Records from a dataset:
○ ○ ○ ○ ○ ○ ○

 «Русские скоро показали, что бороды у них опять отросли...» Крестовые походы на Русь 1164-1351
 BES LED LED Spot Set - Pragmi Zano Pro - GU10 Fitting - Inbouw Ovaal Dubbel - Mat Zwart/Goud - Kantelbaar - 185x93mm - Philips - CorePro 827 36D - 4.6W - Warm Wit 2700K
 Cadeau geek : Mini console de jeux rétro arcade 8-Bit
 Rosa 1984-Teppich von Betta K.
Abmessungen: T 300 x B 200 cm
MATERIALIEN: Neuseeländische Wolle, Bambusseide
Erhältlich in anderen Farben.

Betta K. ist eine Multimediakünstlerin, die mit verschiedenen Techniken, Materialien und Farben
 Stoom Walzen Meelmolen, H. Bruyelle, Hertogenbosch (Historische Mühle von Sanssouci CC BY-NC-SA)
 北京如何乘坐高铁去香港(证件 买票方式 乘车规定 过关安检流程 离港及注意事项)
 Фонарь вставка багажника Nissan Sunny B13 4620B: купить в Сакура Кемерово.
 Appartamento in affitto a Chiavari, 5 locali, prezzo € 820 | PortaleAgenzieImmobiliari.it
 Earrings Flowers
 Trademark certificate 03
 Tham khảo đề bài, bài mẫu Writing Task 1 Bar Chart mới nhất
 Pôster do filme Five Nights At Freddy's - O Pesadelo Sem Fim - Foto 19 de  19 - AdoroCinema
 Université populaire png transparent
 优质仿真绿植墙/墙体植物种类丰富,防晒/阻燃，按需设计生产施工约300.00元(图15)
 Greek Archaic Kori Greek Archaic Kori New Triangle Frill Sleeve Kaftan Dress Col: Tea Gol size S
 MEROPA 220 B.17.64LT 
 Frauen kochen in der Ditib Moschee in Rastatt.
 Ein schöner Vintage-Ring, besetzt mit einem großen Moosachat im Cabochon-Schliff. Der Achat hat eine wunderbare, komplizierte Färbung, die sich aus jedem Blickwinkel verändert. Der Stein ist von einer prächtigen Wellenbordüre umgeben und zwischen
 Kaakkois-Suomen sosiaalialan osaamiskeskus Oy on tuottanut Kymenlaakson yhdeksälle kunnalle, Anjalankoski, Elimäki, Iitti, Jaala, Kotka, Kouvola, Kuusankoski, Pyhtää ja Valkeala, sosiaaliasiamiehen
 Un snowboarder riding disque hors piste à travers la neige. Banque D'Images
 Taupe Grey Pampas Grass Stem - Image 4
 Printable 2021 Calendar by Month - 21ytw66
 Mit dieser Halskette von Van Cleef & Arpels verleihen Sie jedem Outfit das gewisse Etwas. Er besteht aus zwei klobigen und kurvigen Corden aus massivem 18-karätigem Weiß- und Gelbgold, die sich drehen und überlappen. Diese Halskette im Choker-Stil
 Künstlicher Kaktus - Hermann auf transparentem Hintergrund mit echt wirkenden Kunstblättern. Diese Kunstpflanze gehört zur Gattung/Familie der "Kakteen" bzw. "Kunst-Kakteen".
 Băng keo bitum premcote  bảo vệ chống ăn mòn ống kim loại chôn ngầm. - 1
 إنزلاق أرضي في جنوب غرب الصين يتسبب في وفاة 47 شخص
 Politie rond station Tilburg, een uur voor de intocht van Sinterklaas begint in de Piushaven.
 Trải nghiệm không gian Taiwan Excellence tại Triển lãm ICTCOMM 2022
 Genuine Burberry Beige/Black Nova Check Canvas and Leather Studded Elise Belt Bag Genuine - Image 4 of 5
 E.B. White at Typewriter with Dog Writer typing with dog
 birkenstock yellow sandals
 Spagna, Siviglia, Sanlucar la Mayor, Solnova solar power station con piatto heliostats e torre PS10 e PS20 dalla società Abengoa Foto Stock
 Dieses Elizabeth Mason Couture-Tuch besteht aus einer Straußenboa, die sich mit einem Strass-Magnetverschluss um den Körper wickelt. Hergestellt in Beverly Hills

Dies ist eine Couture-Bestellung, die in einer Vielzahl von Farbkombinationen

○ ○ ○ ○ ○ ○ ○

## Task requirements
Above this instruction are the records; retype exactly the lines from the one containing "Künstlicher Kaktus - Hermann" up to and including the one containing "إنزلاق أرضي في".

## Exercise answer
 Künstlicher Kaktus - Hermann auf transparentem Hintergrund mit echt wirkenden Kunstblättern. Diese Kunstpflanze gehört zur Gattung/Familie der "Kakteen" bzw. "Kunst-Kakteen".
 Băng keo bitum premcote  bảo vệ chống ăn mòn ống kim loại chôn ngầm. - 1
 إنزلاق أرضي في جنوب غرب الصين يتسبب في وفاة 47 شخص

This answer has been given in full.